The result should be the listing below restated word for word, with images left out.

● Recorded data:
[Start of section]

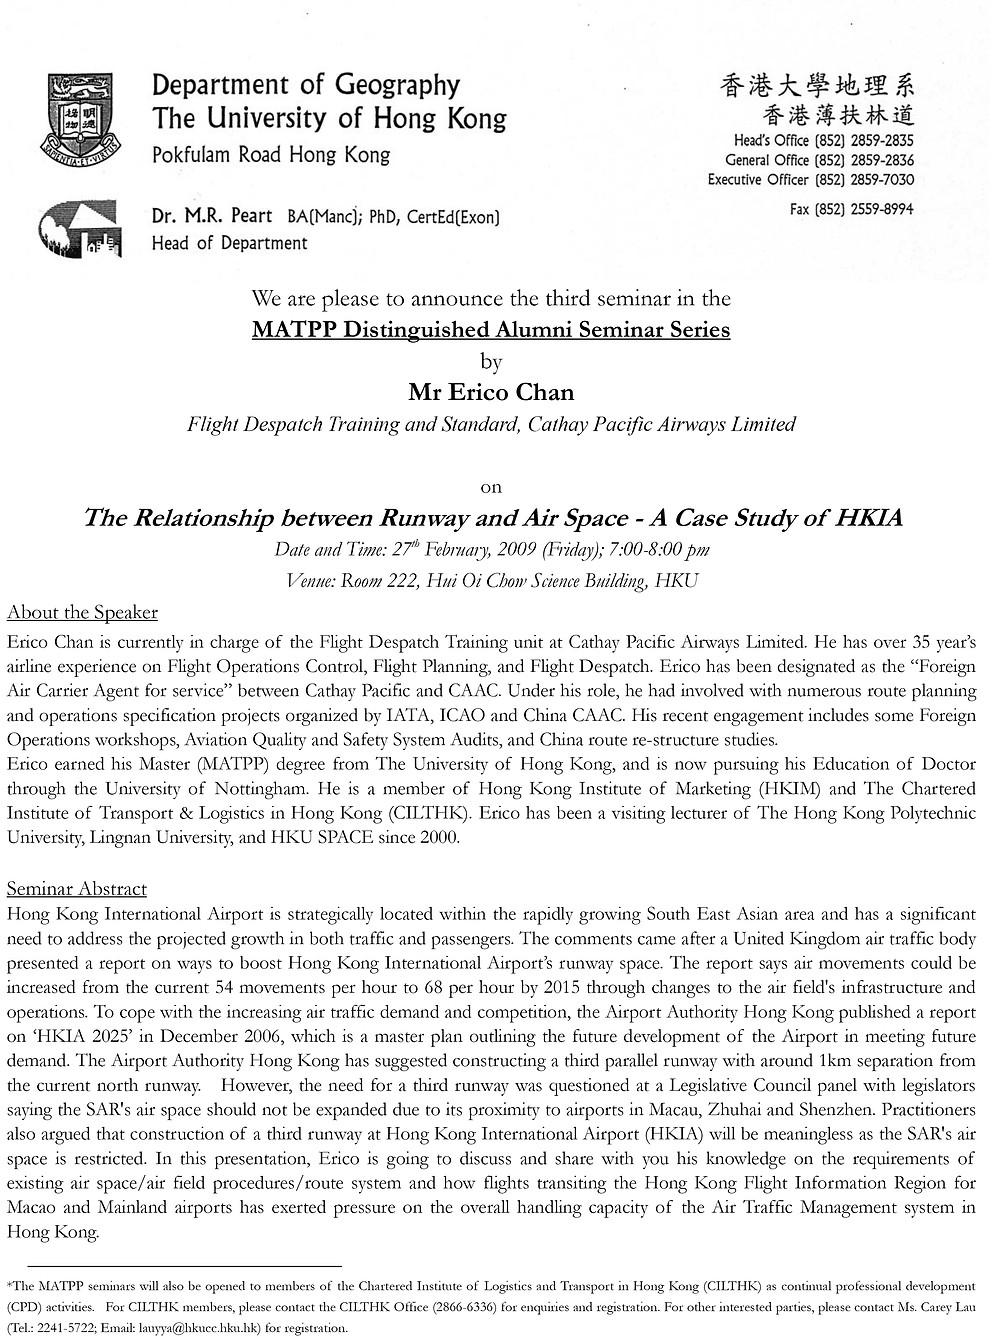 20090227 Seminar Poster
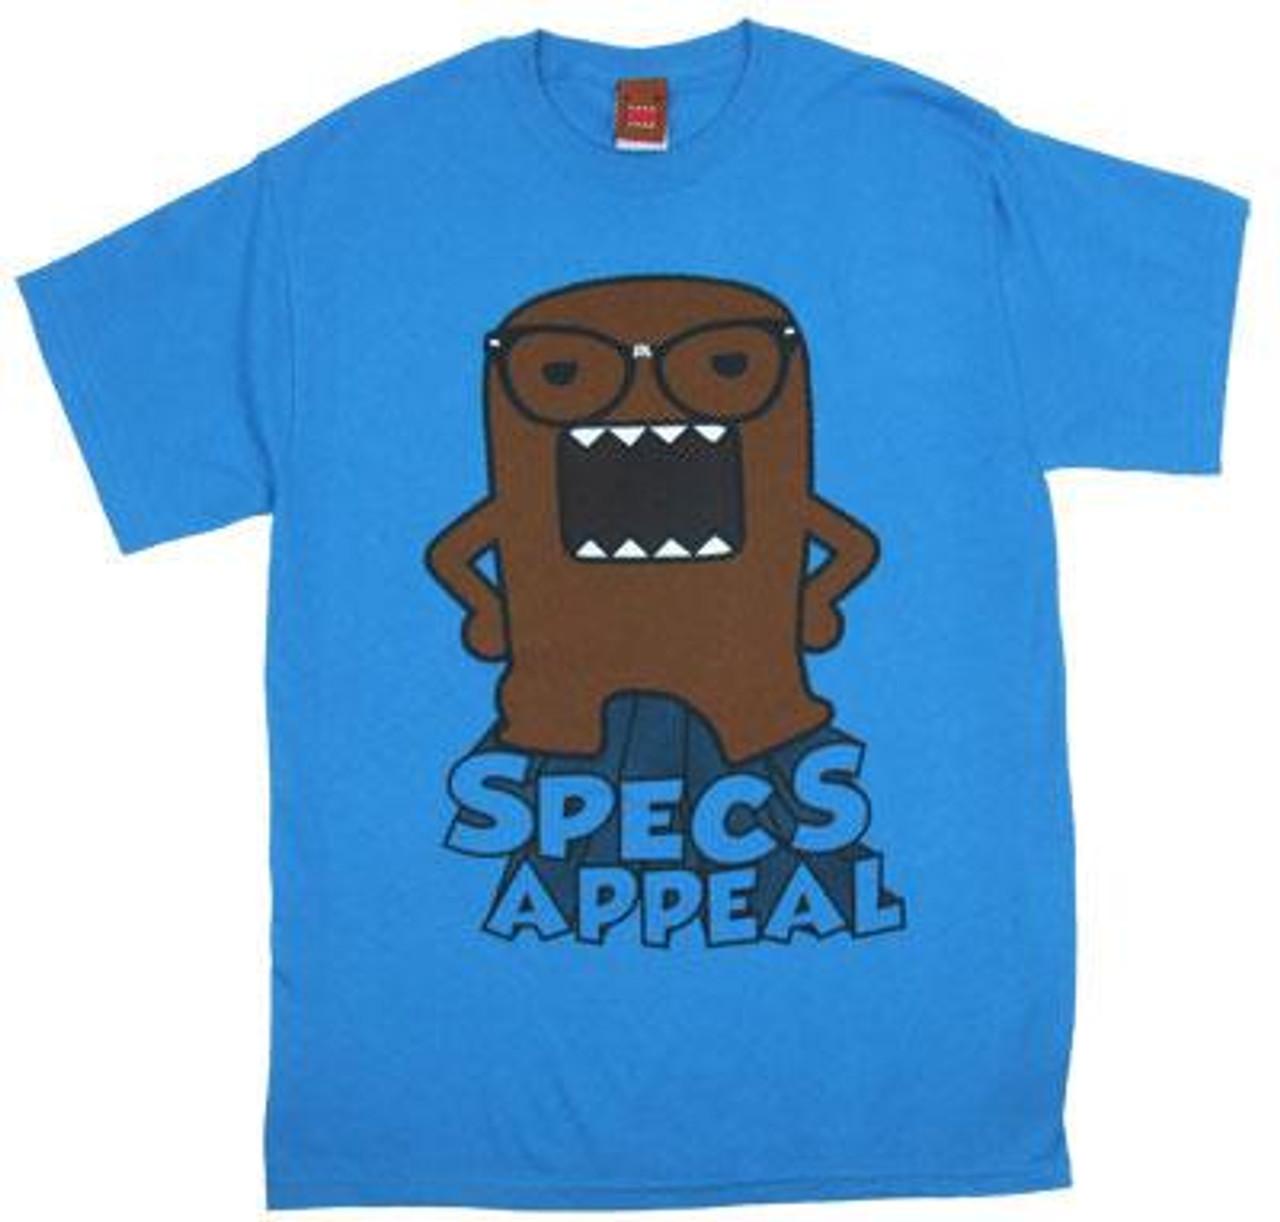 Domo Appealed T-Shirt [Adult Medium]
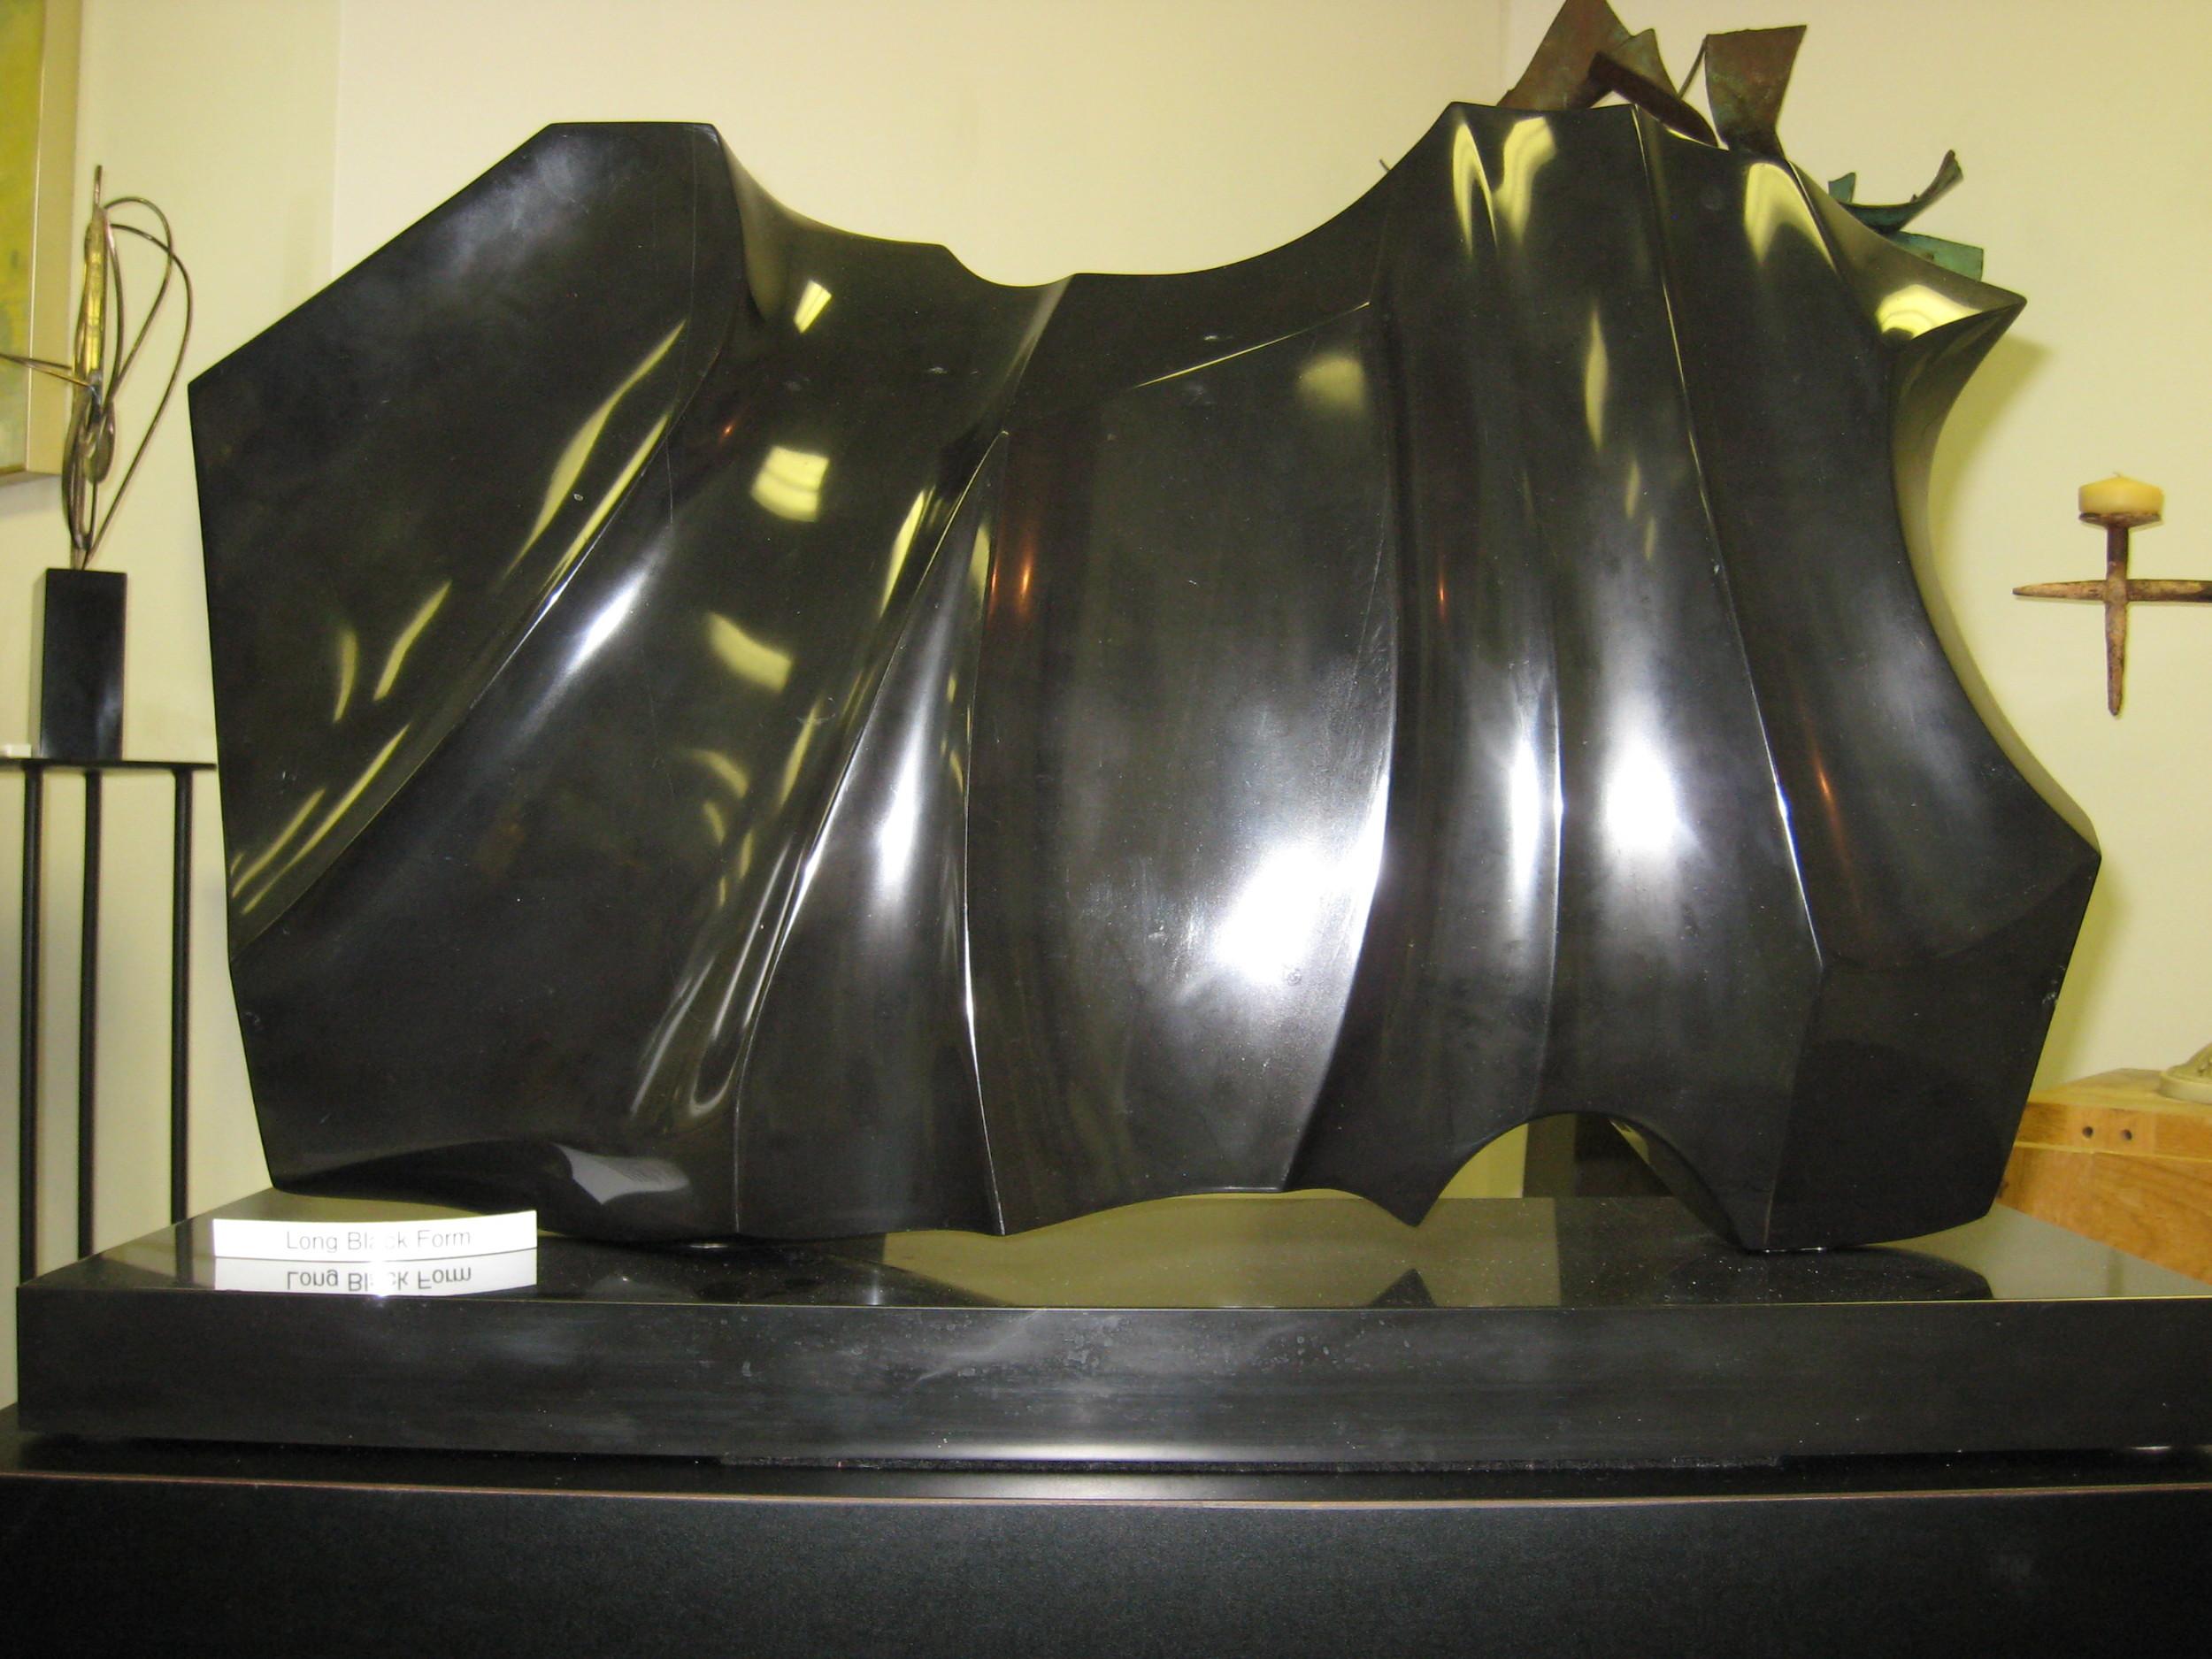 Long Black Form

[End of section]

● Your response:
 20090227 Seminar Poster
 Domo Appealed T-Shirt [Adult Medium]
 Long Black Form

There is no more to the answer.